One of my heroes is the late Studs Terkel, the great oral historian. It was important to him to get people to tell their stories, because, he said, “We live in the United States of Alzheimer’s. People have forgotten their own history.”
Sometimes I tell a story more than once, forgetting that I’ve told it before, especially when I’m talking to my children. I try to remember to say, “Stop me if I’ve already told you this,” because I know from listening to my own mother how annoying it is to sit through a story you’ve heard before, pretending to be surprised at the punch line.
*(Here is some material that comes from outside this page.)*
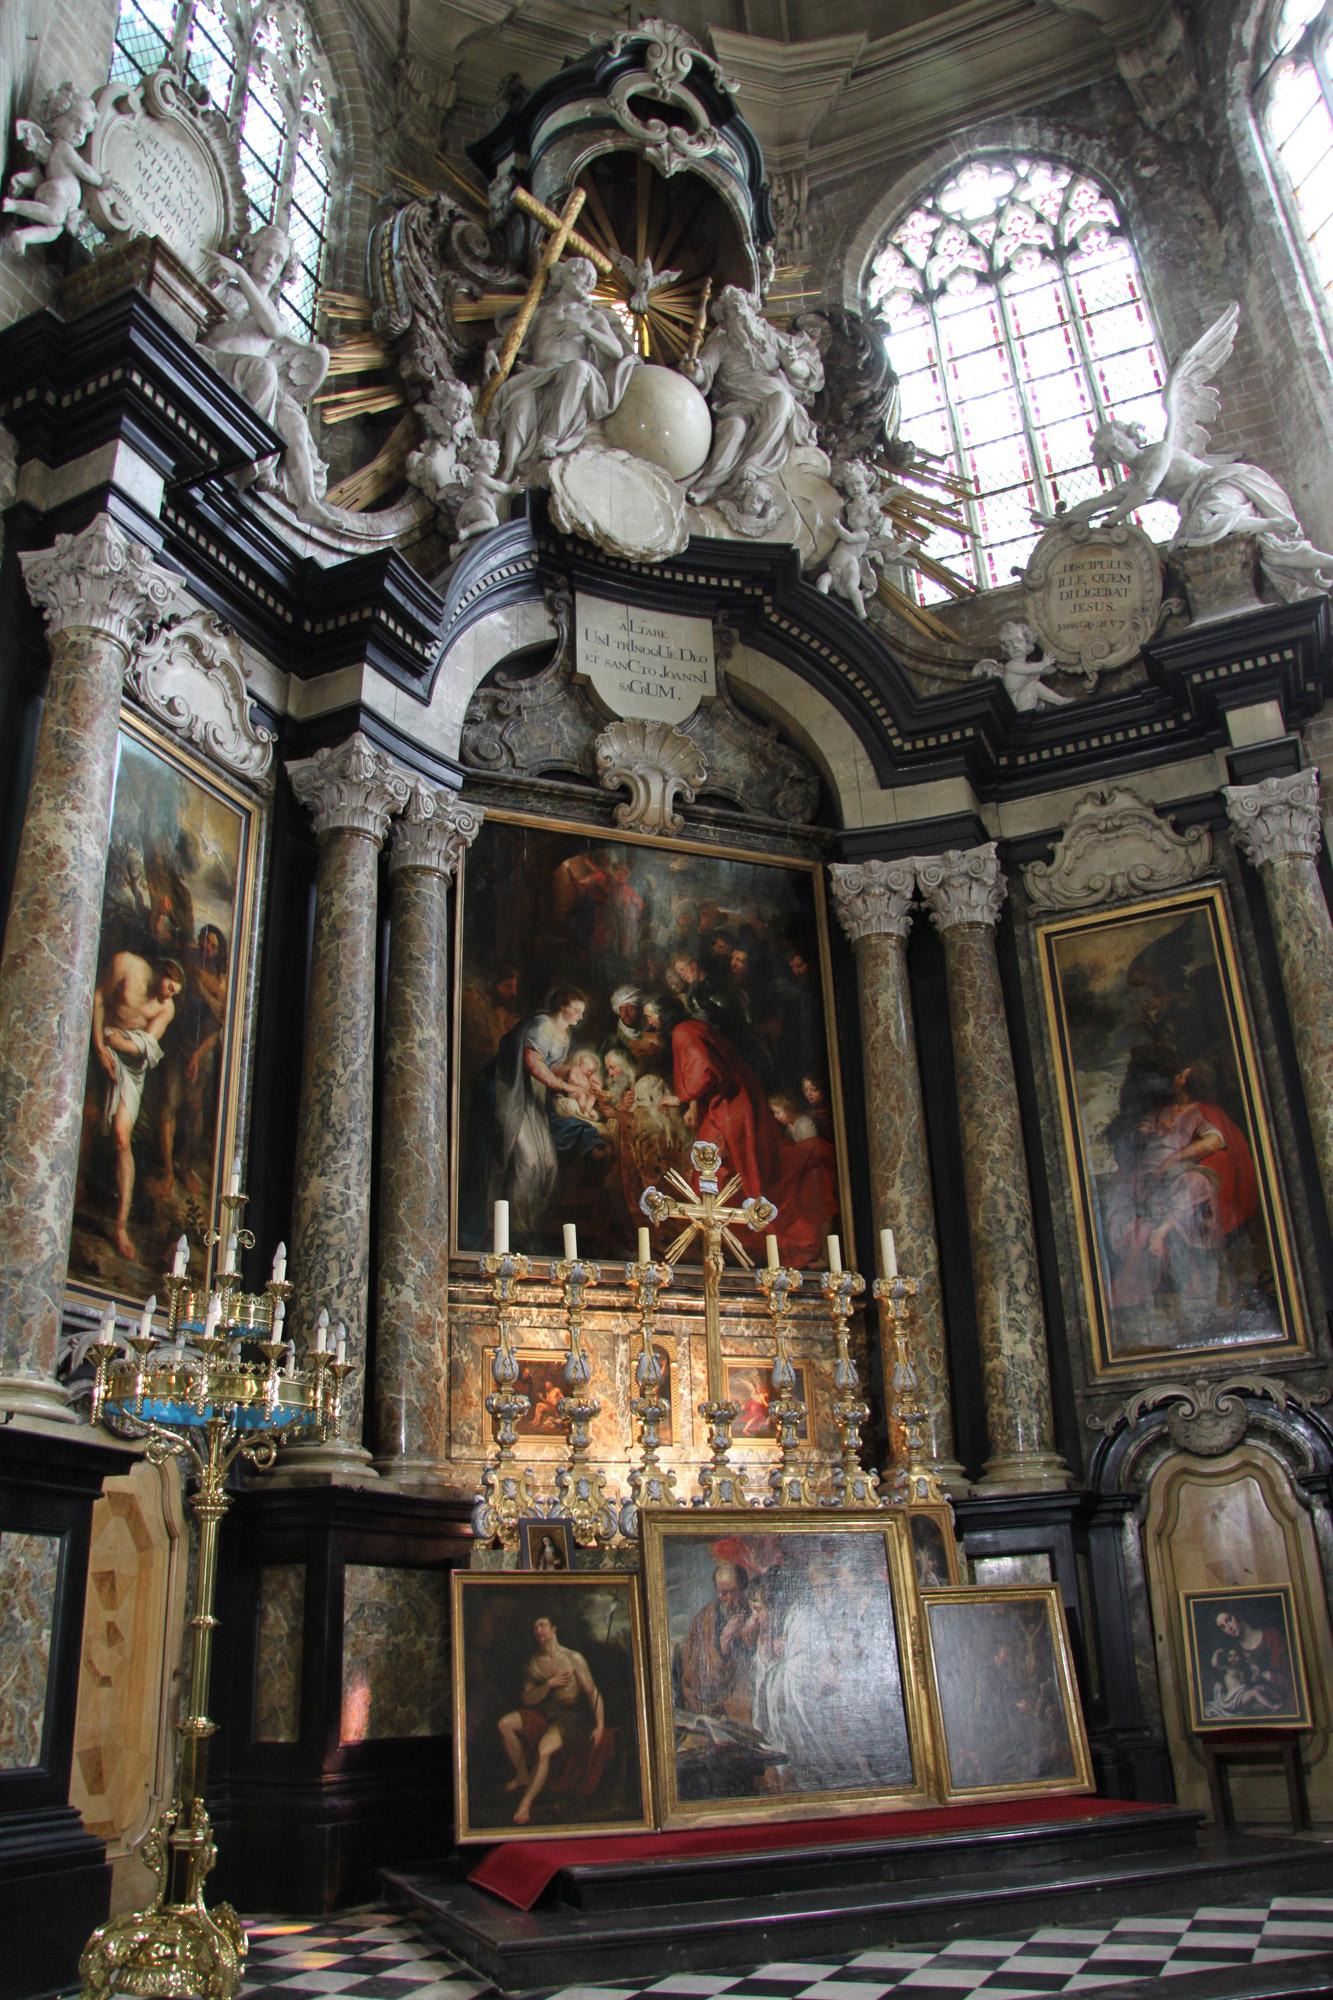 Sint katelijnekerk in mechelen belgi reizen reistips for Interieur mechelen
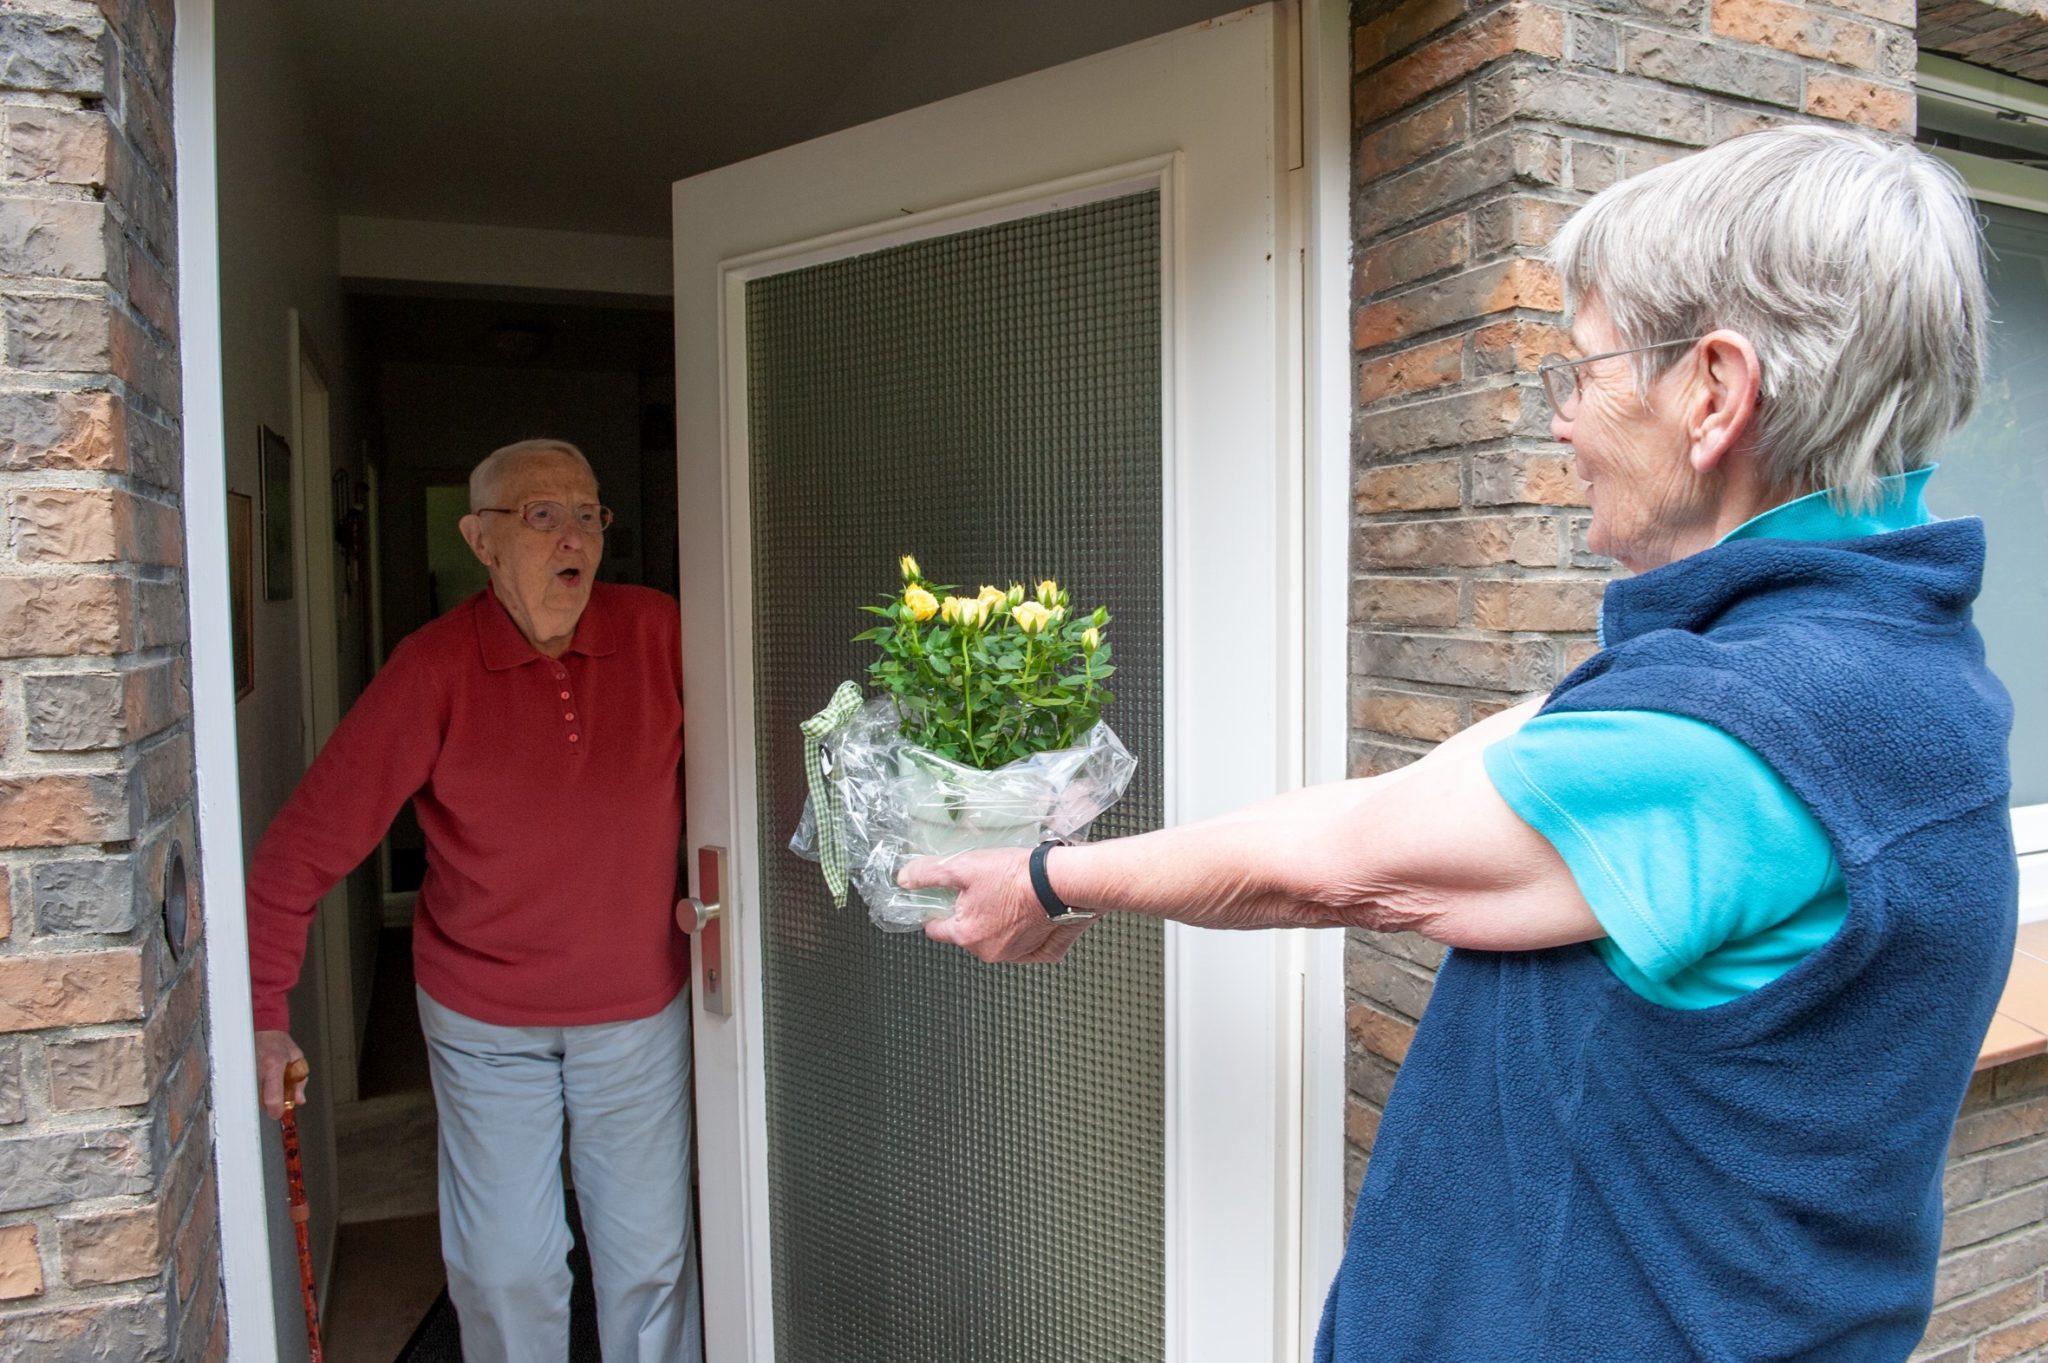 Einem Pflegenden Angehörigen werden Blumen überreicht.

Well, actually, it’s only annoying if you remember the story, and this is one reason why old folks should hang out together. When I tell my old friend Bill a story for the second time, it doesn’t matter because he’s completely forgotten the story. This is called “beginner’s mind.”
Needless to say, I also remember terrible things, mistakes I made long ago. I remember throwing a wooden clog across the living room at a man I loved (and missing, fortunately). I remember crouching in the hall closet behind all the coats, with the door closed, so my children wouldn’t hear me weeping.
Memory is plastic. What I remember isn’t necessarily what happened, and how I remember it changes, depending on my changing focus of attention.
The body memories, like how you button a button, seem to be the last to go. A longtime dharma sister has advanced Alzheimer’s and is no longer able to come to the Zen center to practice. But she did come, for a long time after she’d forgotten how to manage her life. Someone from the sangha would pick her up at home and bring her to morning zazen (Zen meditation). She didn’t know where she was going or why, or who was helping her. She had to be guided from the car to the Zen center, and she had to be helped into her priest’s robes. But once she was inside the zendo (meditation hall), the forms of her thirty-five years of practice were held in her body. I was moved to see how, during service, she was right on track, manifesting dignity and devotion. She recited the Heart Sutra from memory along with everyone else, she bowed when it was time to bow, and she exited the zendo when her turn came, greeting the abbot with a gassho on her way out. Outside the zendo she was lost again.